Here's a good thing resulting from COVID-19 - there has been an evident shift in organizations clamoring for mindfulness to help their staff's mental health.
In the past 7 years that I've been training mindfulness facilitators to introduce ongoing mindfulness practices in their workplaces, one of the most popular topics has been this:
'How do I get my employer to approve my starting regular mindfulness sessions for the staff?'
The reality, up until March 2020 (the start of people needing to work from home), was that every facilitator's situation was unique. The need for a formal business case to start mindfulness varied greatly based on the organization's culture and values, and the level of true commitment to employee's well-being.

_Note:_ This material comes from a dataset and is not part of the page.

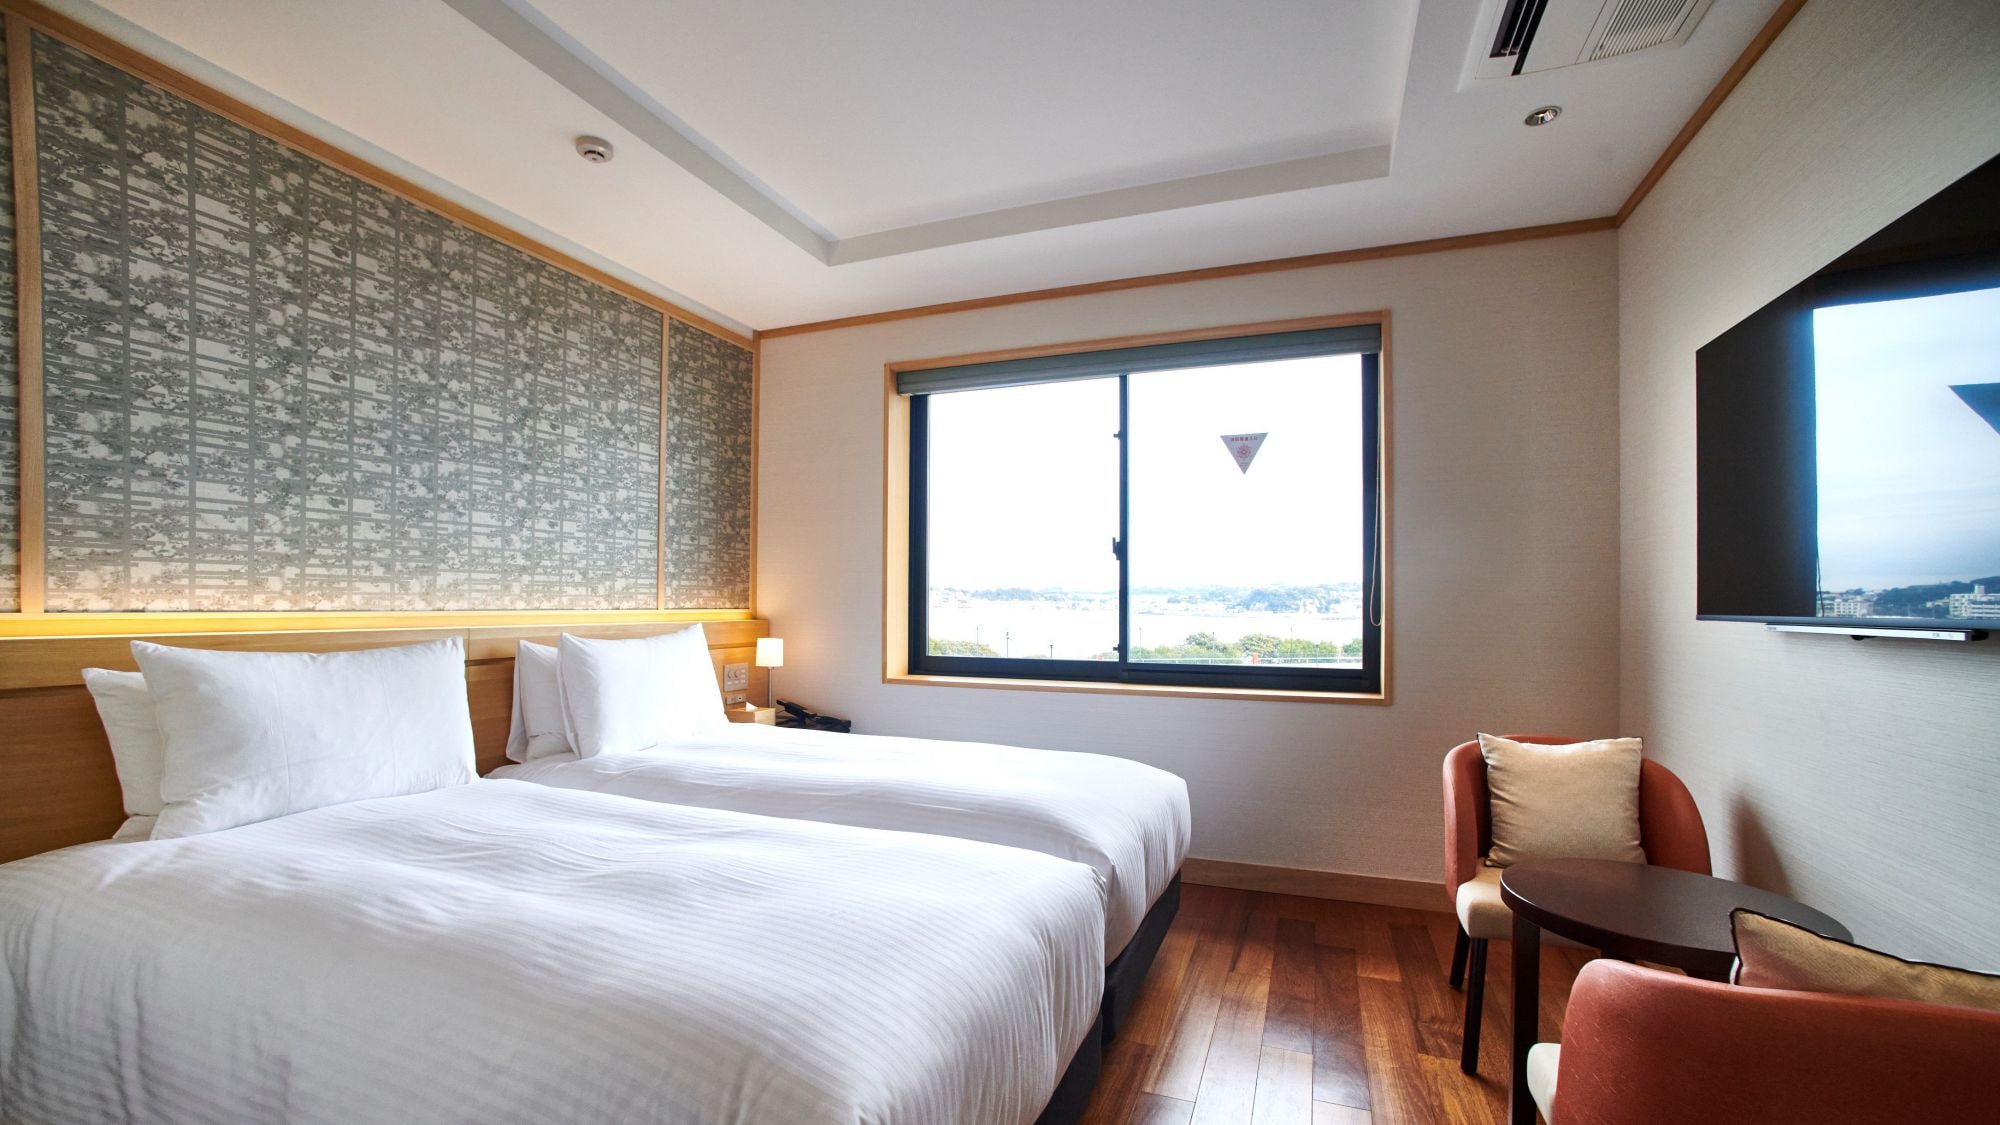 ■ "Enoshima Hotel" standard guest room "Hollywood Twin Room"
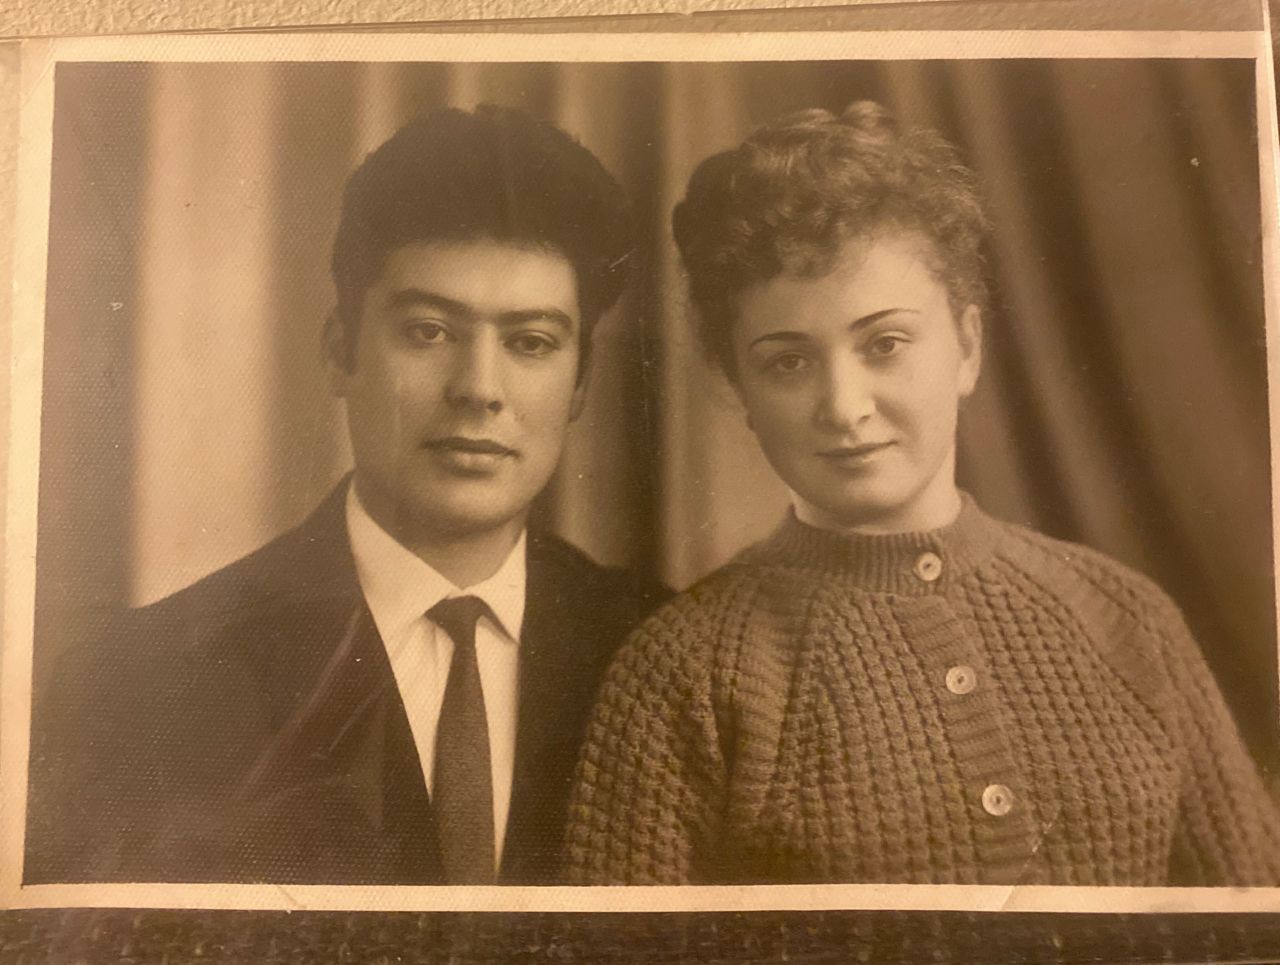 Edgar and Sofiya's first photo together, taken 63 years ago in Kiev, Ukraine.

Sometimes, the facilitator just needed to let leadership know they were going to start gathering people together to practice mindfulness, and sometimes facilitators did indeed need to create a business case.
Whatever the scenario was, gaining 'approval' from leadership to start sessions always seems to be a hot topic, causing some level of anxiety or procrastination, especially if the facilitator wasn't used to navigating the office culture of how to suggest a new activity like this.
And then March 2020 hit us all ... suddenly everyone's lives are disrupted by COVID-19.
Organizations are urgently seeking ways to help staff deal with their disrupted lives.
In a recent Zoom session I had with a group of facilitators-in-training, I asked them what they are experiencing - look at these results:
Acceptance for workplace mindfulness is higher - the barrier is now lower than ever before. 70% said there is more acceptance for mindfulness at work.
After hearing a lot of facilitator's experiences, I sum up their comments here:
"I was having conversations with leadership about starting up mindfulness at work, but when COVID-19 hit, they reached out to me and encouraged me to get started ASAP!"
Facilitators scurried to get comfortable running virtual sessions, as there are certainly extra skills needed to facilitate mindfulness in an engaging, trauma-sensitive manner that is different than leading in-person groups.
I'm encouraging all facilitators to skillfully run surveys to gather quality data that shows how mindfulness has helped participants in their personal and work lives.
One tip is to go beyond the typical "has your stress level decreased" or "what can I do to improve our sessions?" and create questions that can be directly tied back to values that are important to your organization. Being able to show this kind of value will get much more attention that will support the continuation and growth of your mindfulness program; especially when people transition back to the office, you don't want to lose momentum with your program, you want to build on it.
So, my invitation to anyone reading this who has been thinking about learning to facilitate mindfulness for their colleagues or community, I'd like to let you know that this is an opportune time to jump on this.
The barrier is lower, and the acceptance level is much higher right now - and you can help many people learn to integrate mindfulness into their lives to create a better experience of life.
To all who are already championing mindfulness - thank you!